RU2232459C1 - Face-type double-shaft induction machine - Google Patents

Abstract

FIELD: electrical engineering; face-type induction machines with single-disk rotor.

SUBSTANCE: each core of proposed electrical machine stator is provided with structurally independent supports fixed thereto and radially mounted at core face on bearing shield end; each support being made in the form of plate incorporating two longitudinal projections arranged along rotor shaft axis and two transversal radial projections; the latter are disposed inside central annular cavity of machine frame and are supported by butt-ends of locating screws driven in bearing shield on outer side; longitudinal projections enter through slits of bearing shield and have opposing internal slots.

EFFECT: enhanced reliability and simplified design of induction machine.

5 cl, 3 dwg

Description

The invention relates to electrical engineering, namely to end-face asynchronous electric machines with a single-disc rotor.

It can be widely used in various branches of mechanical engineering when creating electric drive units of machines and plants with optimal operational and technical parameters, in particular, when developing designs of energy-saving drive systems for conveying, processing or technological machines.

A known end-face asynchronous machine [1], comprising an annular stator magnetic circuit with an excitation winding and an annular rotor magnetic circuit with a short-circuited winding, mounted cantilever on the output shaft, bearings and a support shield, in which an element in the form of a glass with an annular protrusion is fixed. In this case, one bearing is located inside the cup and its inner ring covers the rotor shaft, and the second bearing is located outside the cup on its annular protrusion and its outer ring is covered by the output shaft flange. Moreover, the stator magnetic circuit is installed on the cover rigidly attached to the support shield and equipped with an adjustment gasket.

Such a machine is characterized by small axial dimensions, convenient for use as a built-in electric motor when creating devices for various purposes. It has a hollow output shaft with a central splined hole, which allows you to install the machine between the support nodes of the unit, the shaft of which is mated to the shaft of an electric machine.

However, the known electric machine also has disadvantages associated with the fact that at high powers between the stator and rotor magnetic circuits, significant attractive forces arise that create a large axial load on the thrust bearings of the rotor shaft and, therefore, shorten their service life. In addition, with the large diameters of the stator and rotor magnetic cores, maintaining the optimal value of the axial air gap between the working surfaces of the magnetic cores becomes problematic, since the design of the machine to set the required gap provides only an adjustment gasket between the base support shield and the stator cover on which the magnetic circuit is mounted. The absence of other adjusting devices does not allow to eliminate possible distortions in the mutual arrangement of the magnetic cores and to ensure the constancy of the air gap.
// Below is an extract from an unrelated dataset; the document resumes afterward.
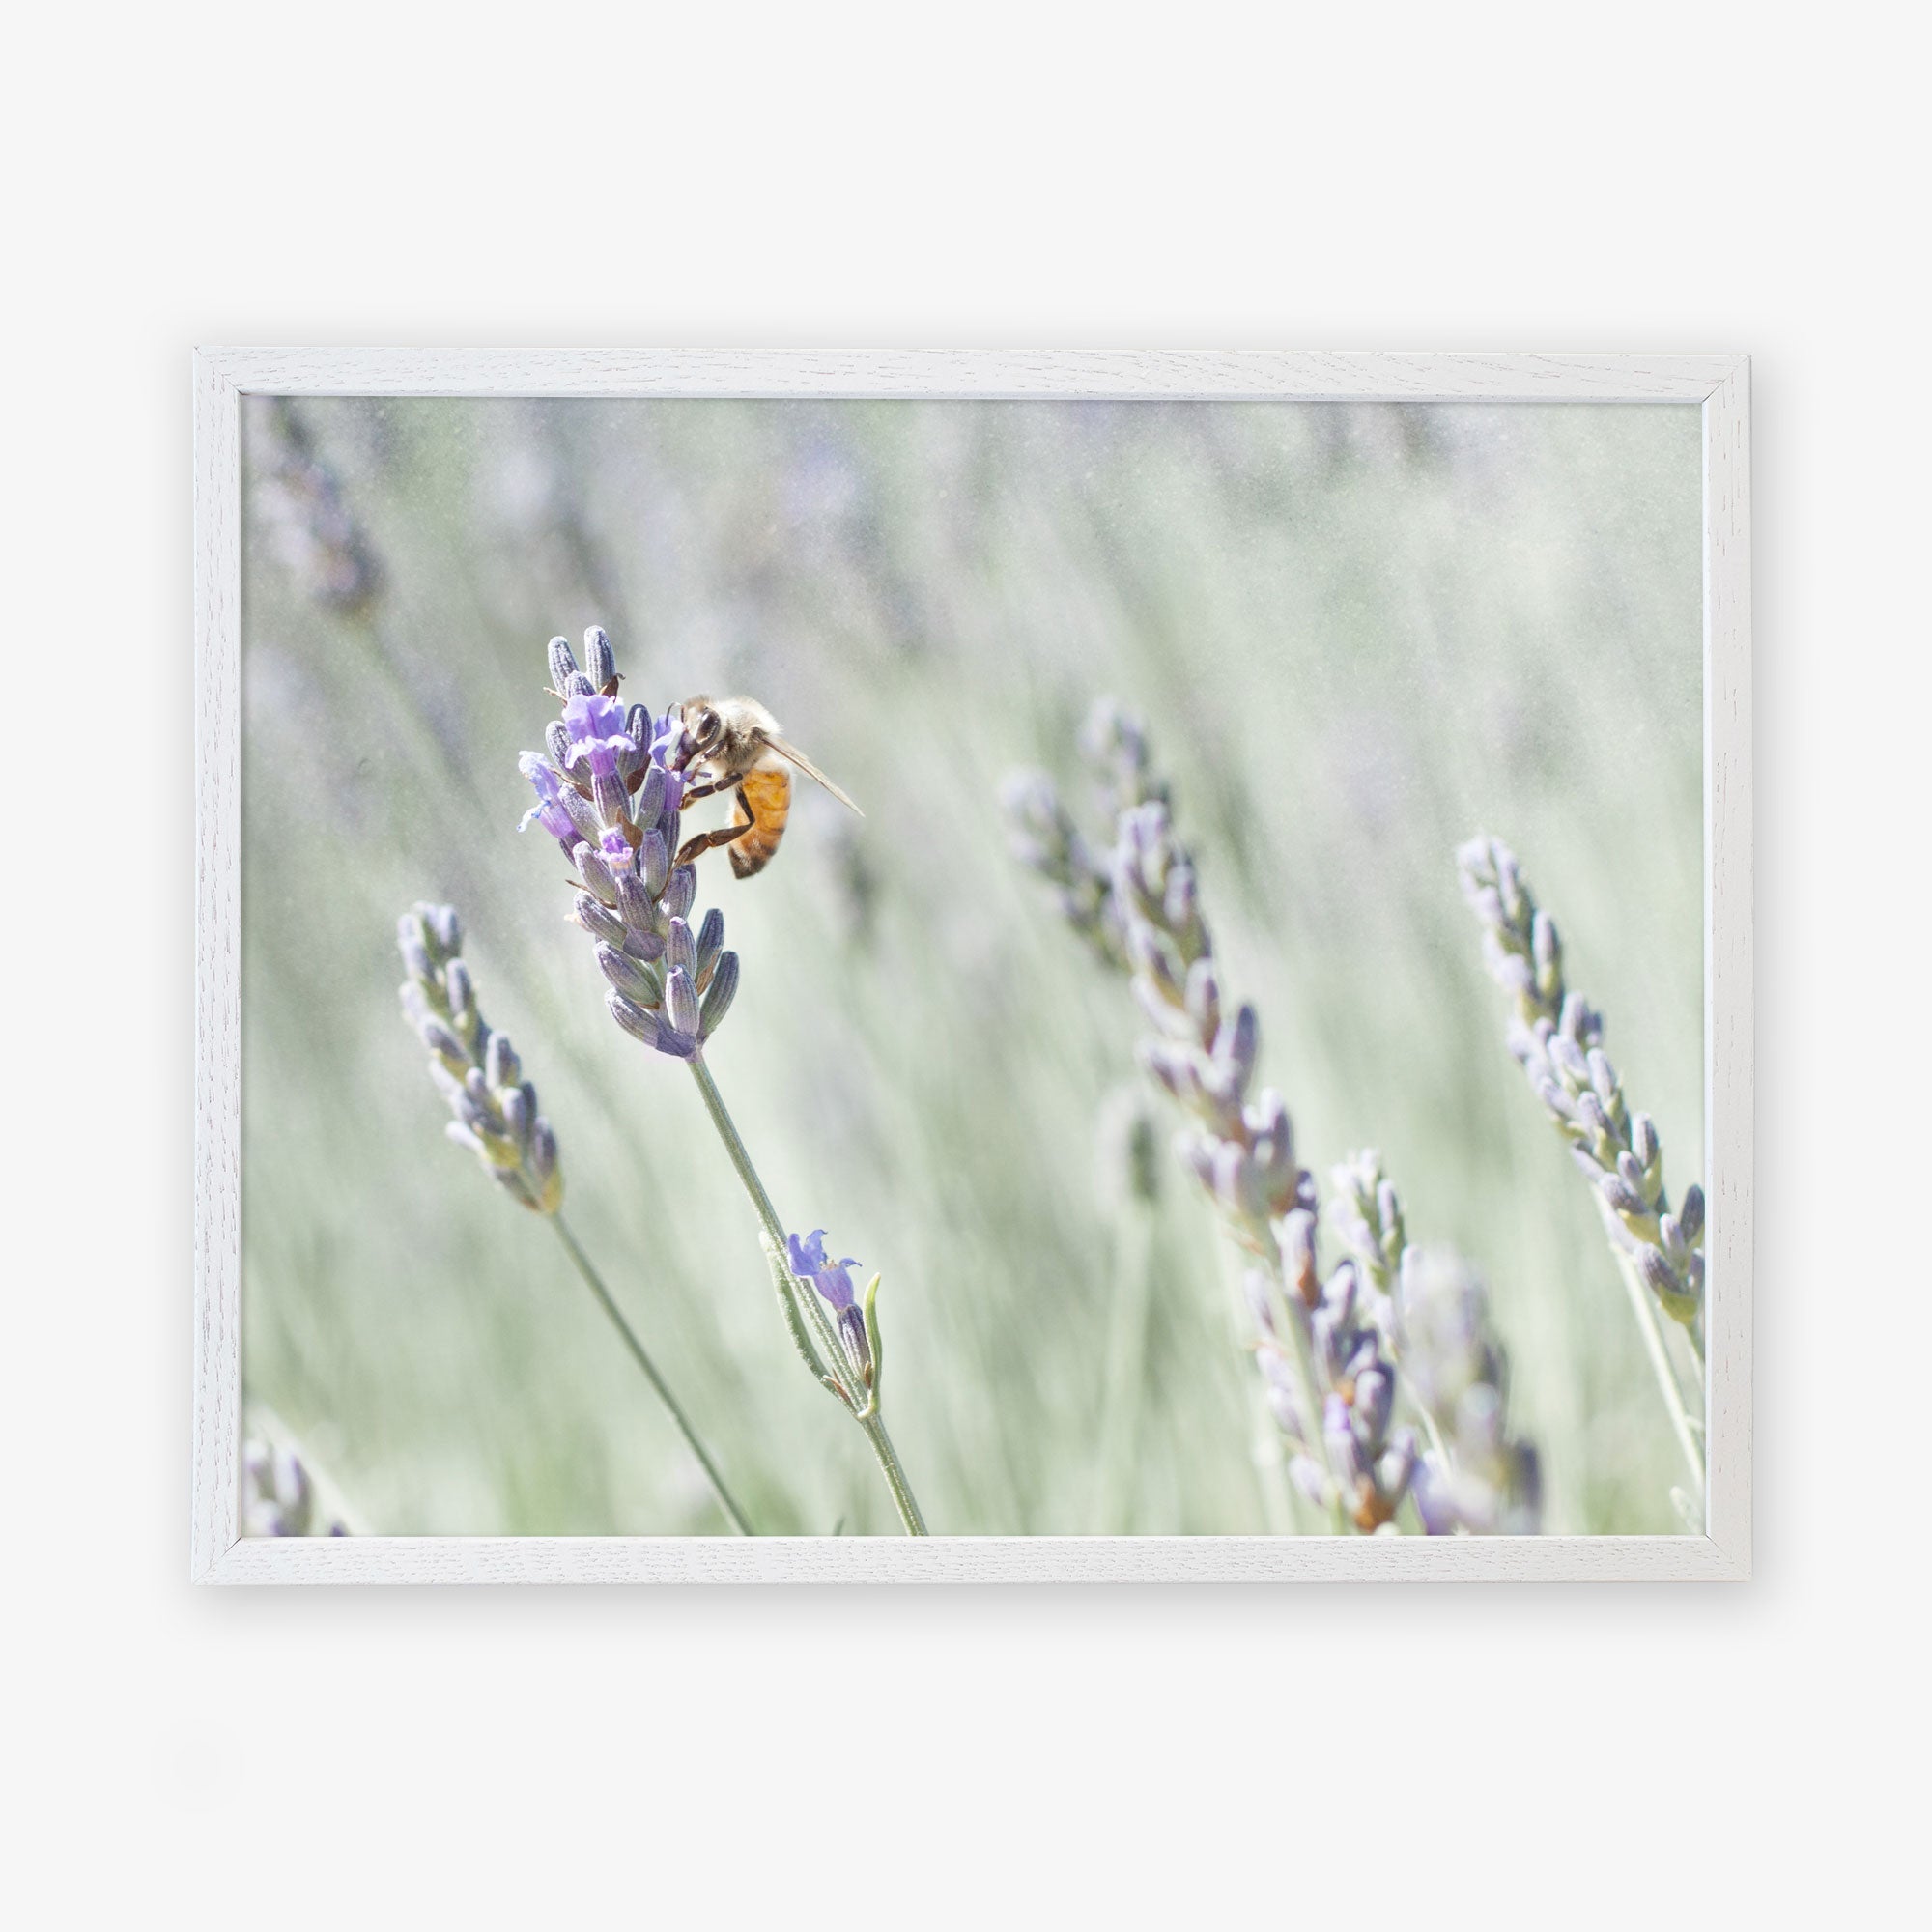 A bee collecting pollen on a lavender flower, framed in a simple white border, against a soft-focus background of a lavender farm. Offley Green&#39;s Rustic Floral Print, &#39;Lavender for Bees&#39;.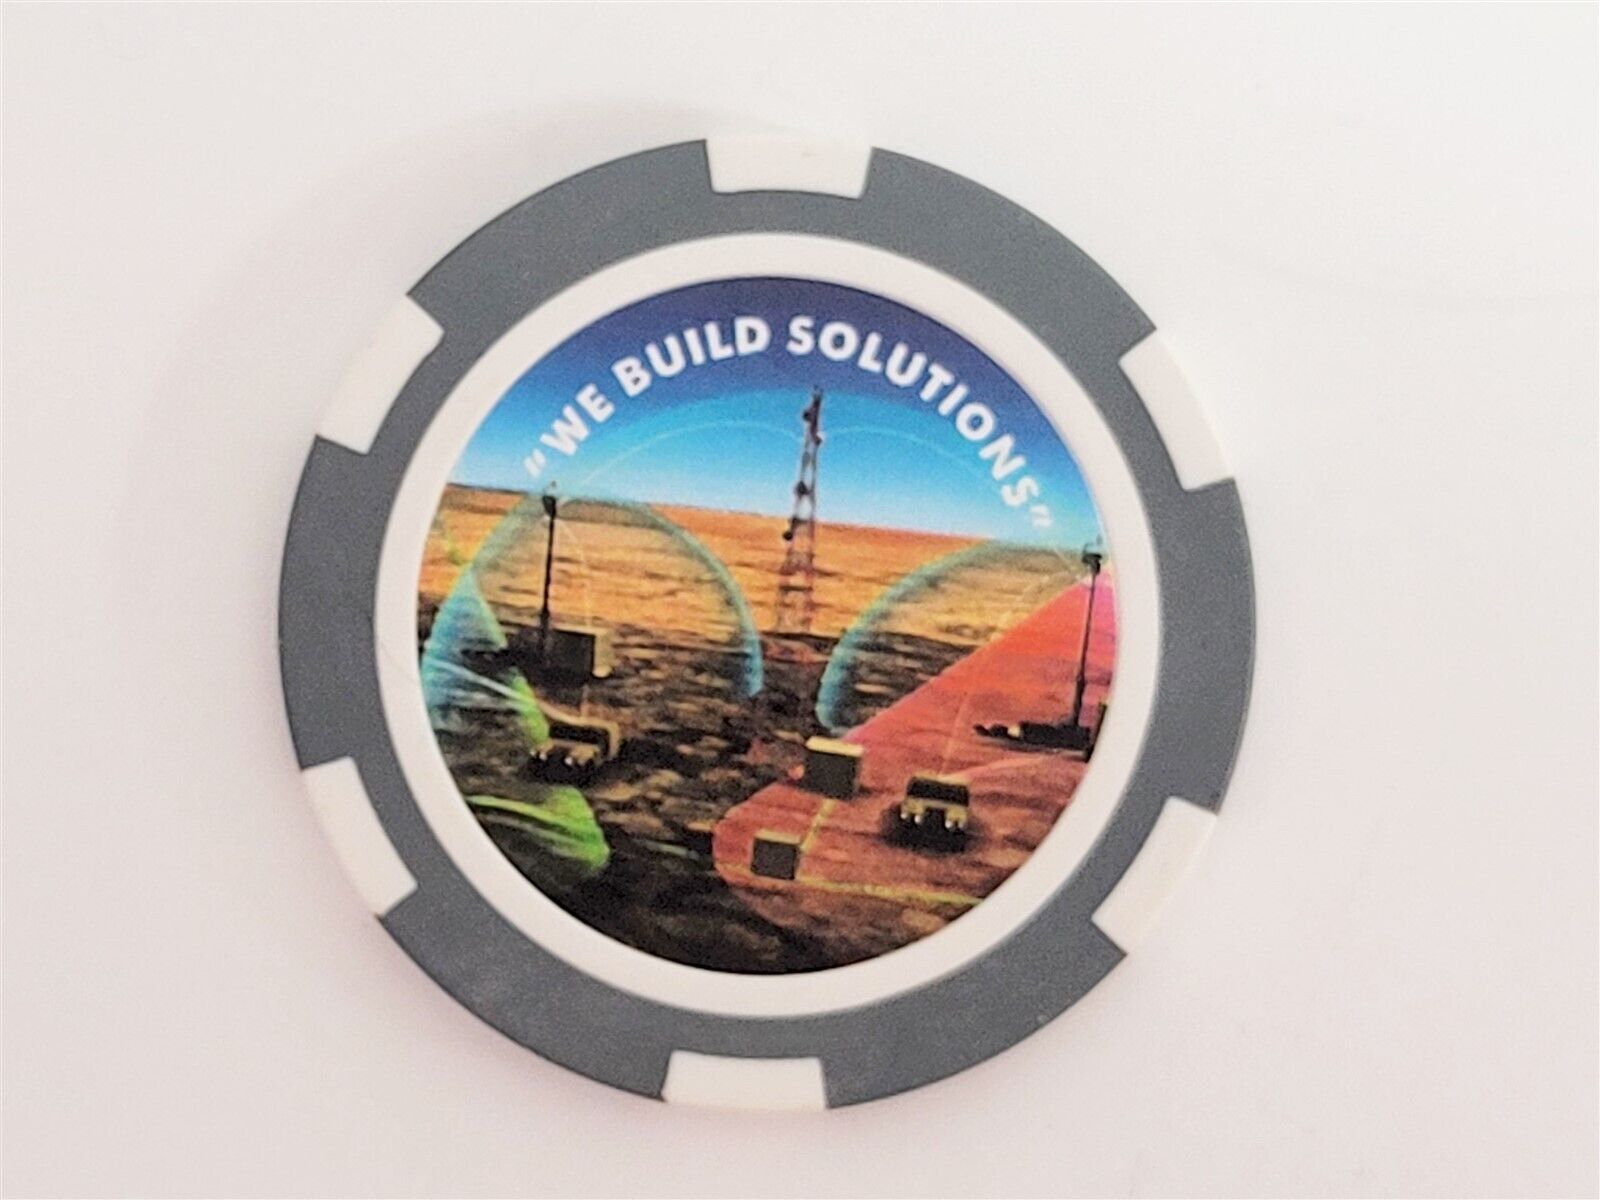 Advanced Technology Systems Company ATSC / We Build Solutions Challenge Coin 2

Thus, the known electric machine can be successfully used only with relatively small capacities and radial dimensions.

Similar disadvantages associated with the axial forces of attraction, have other electrical machines with one ring stator magnetic circuit, including [2]. However, in this machine, for setting the required air gap between the working surfaces of the stator and rotor magnetic circuits, an adjustment device is provided that contains set screws equipped with locknuts, screwed into the rotor disk and resting on the movable ring of the thrust bearing, as well as an elastic link in the form of a disk spring package installed in the bore of the support cup between the bearings of the rotor shaft so that with one end it rests on the ledge of the cup, and the other on the outer ring of the angular contact support pnika.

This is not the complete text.